Sum of First n Terms of AP

Carl Friedrich Gauss, the great German mathematician, was in elementary school, when his teacher asked the class to find the sum of first 100 natural numbers. While the rest of the class was struggling with the problem, Gauss found the answer within no time.

S = 1 + 2 + 3 + ... + 99 + 100

Writing these numbers in reverse order, we get

S = 100 + 99 + 98 + ... + 2 + 1 

Adding, term by term, we get

2S = 101 + 101 + 101 + ... + 101 + 101 (100 times)

= 100 × 101

S = 5050

The same method is used to find the sum of first n terms of an AP.

The first n terms of an AP are:

a, a + d, a + 2d, ..., a + (n - 2)d, a + (n - 1)d

Sn = a + (a + d) + (a + 2d) + .... + [a + (n - 2)d] + [a + (n - 1)d]

Writing these terms in reverse order, we get

Sn = [a + (n - 1)d] + [a + (n - 2)d] + ... + (a + d) + a 

Now add term by term, we get

2Sn = [2a + (n - 1)d] + [2a + (n - 1)d] + ... + [2a + (n - 1)d] + [2a + (n - 1)d], n times

2Sn = n[2a + (n - 1)d]

$$ S_n = \frac{n}{2}[2a + (n - 1)d] $$

$$ S_n = \frac{n}{2} (a + t_n) $$

Example 1: Find the sum of the first 12 terms of the following AP: 11, 16, 21, 26 ...

Here, a = 11, d = 16 - 11 = 5 and n = 12

$$ S_n = \frac{12}{2}[2 \times 11 + (12 - 1)5] $$

= 6(22 + 55)

= 462

Example 2: How may terms of the AP, 2, 4, 6, 8, 10 ... are needed to get sum 210?
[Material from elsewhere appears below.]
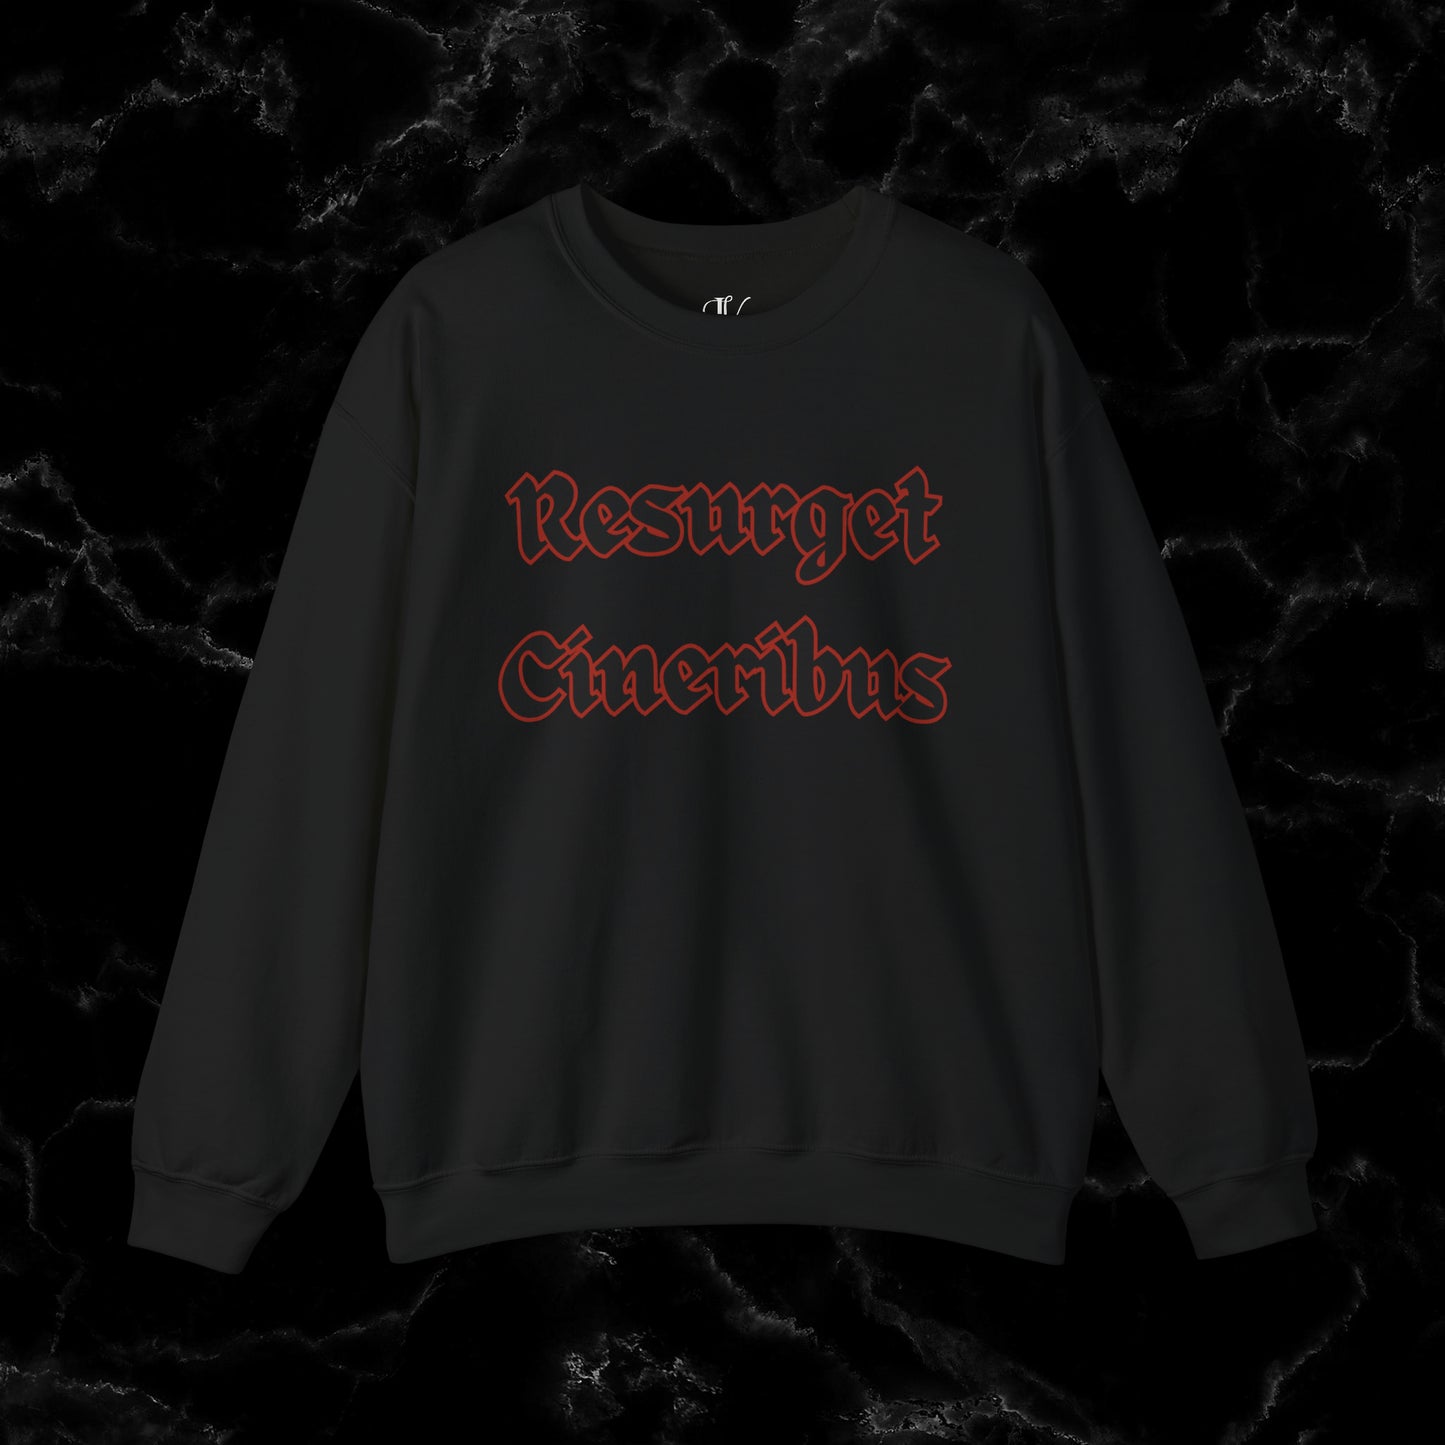 Resurget Cineribus Unisex Crewneck Sweatshirt - Latin Inspirational Gifts for Sports Football Fans Sweatshirt S Black 
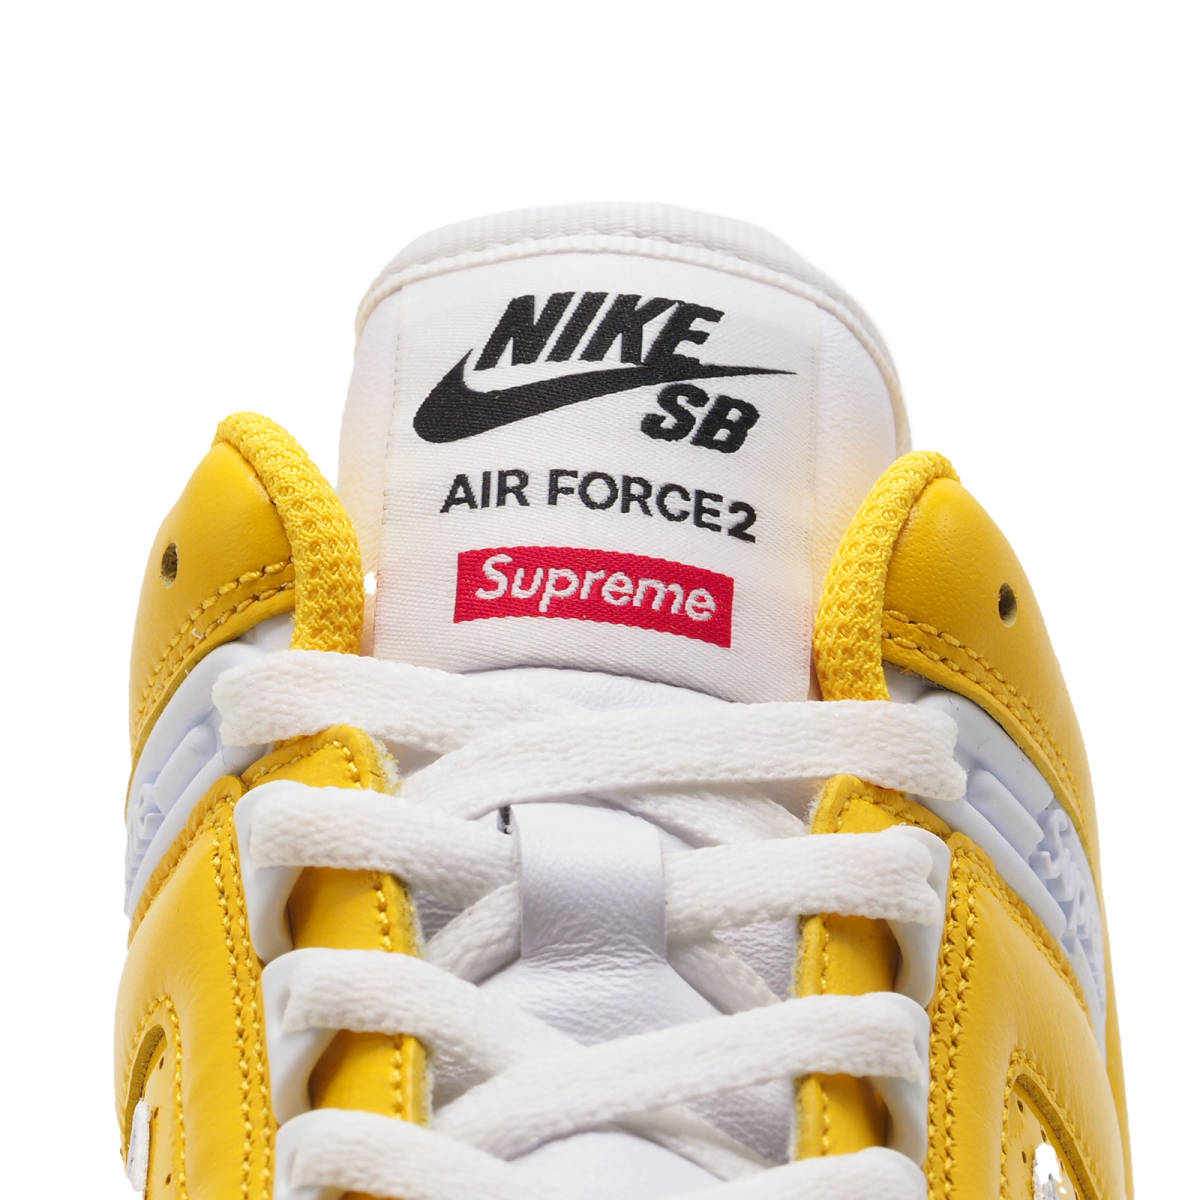 Supreme/Nike SB Air Force 2 黄色US 10 (28.0cm) シュプリーム/ナイキ エスビー エアー フォース ツー 2017FW_画像4

For the given AP, a = 2, d = 2 and Sn = 210.

$$ 210 = \frac{n}{2}[2 \times 2 + (n - 1)2] $$

420 = n[4 + 2n - 2]

420 = n(2n + 2)

420 = 2n2 + 2n

2n2 + 2n - 420 = 0

n2 + n - 210 = 0

(n + 15)(n - 14) = 0

n = -15 or n = 14

Since, n cannot be negative, so, n = 14

Therefore, first 14 terms are needed to get the sum 210.

Example 3: Find the following sum: 2 + 5 + 8 + 11 + .... + 59

Here, 2, 5, 8, 11, ... are in AP and a = 2, d = 3 and tn = 59

To find the sum, you need to find the value of n.

Now, tn = a + (n - 1)d

59 = 2 + (n - 1)3

59 = 3n - 1

60 = 3n

n = 20

$$ S_n = \frac{20}{2}[2 \times 2 + (20 - 1)3] $$

= 10(4 +57)

= 610

Example 4: The sum of first three terms of an AP is 36 and their product is 1620. Find the AP.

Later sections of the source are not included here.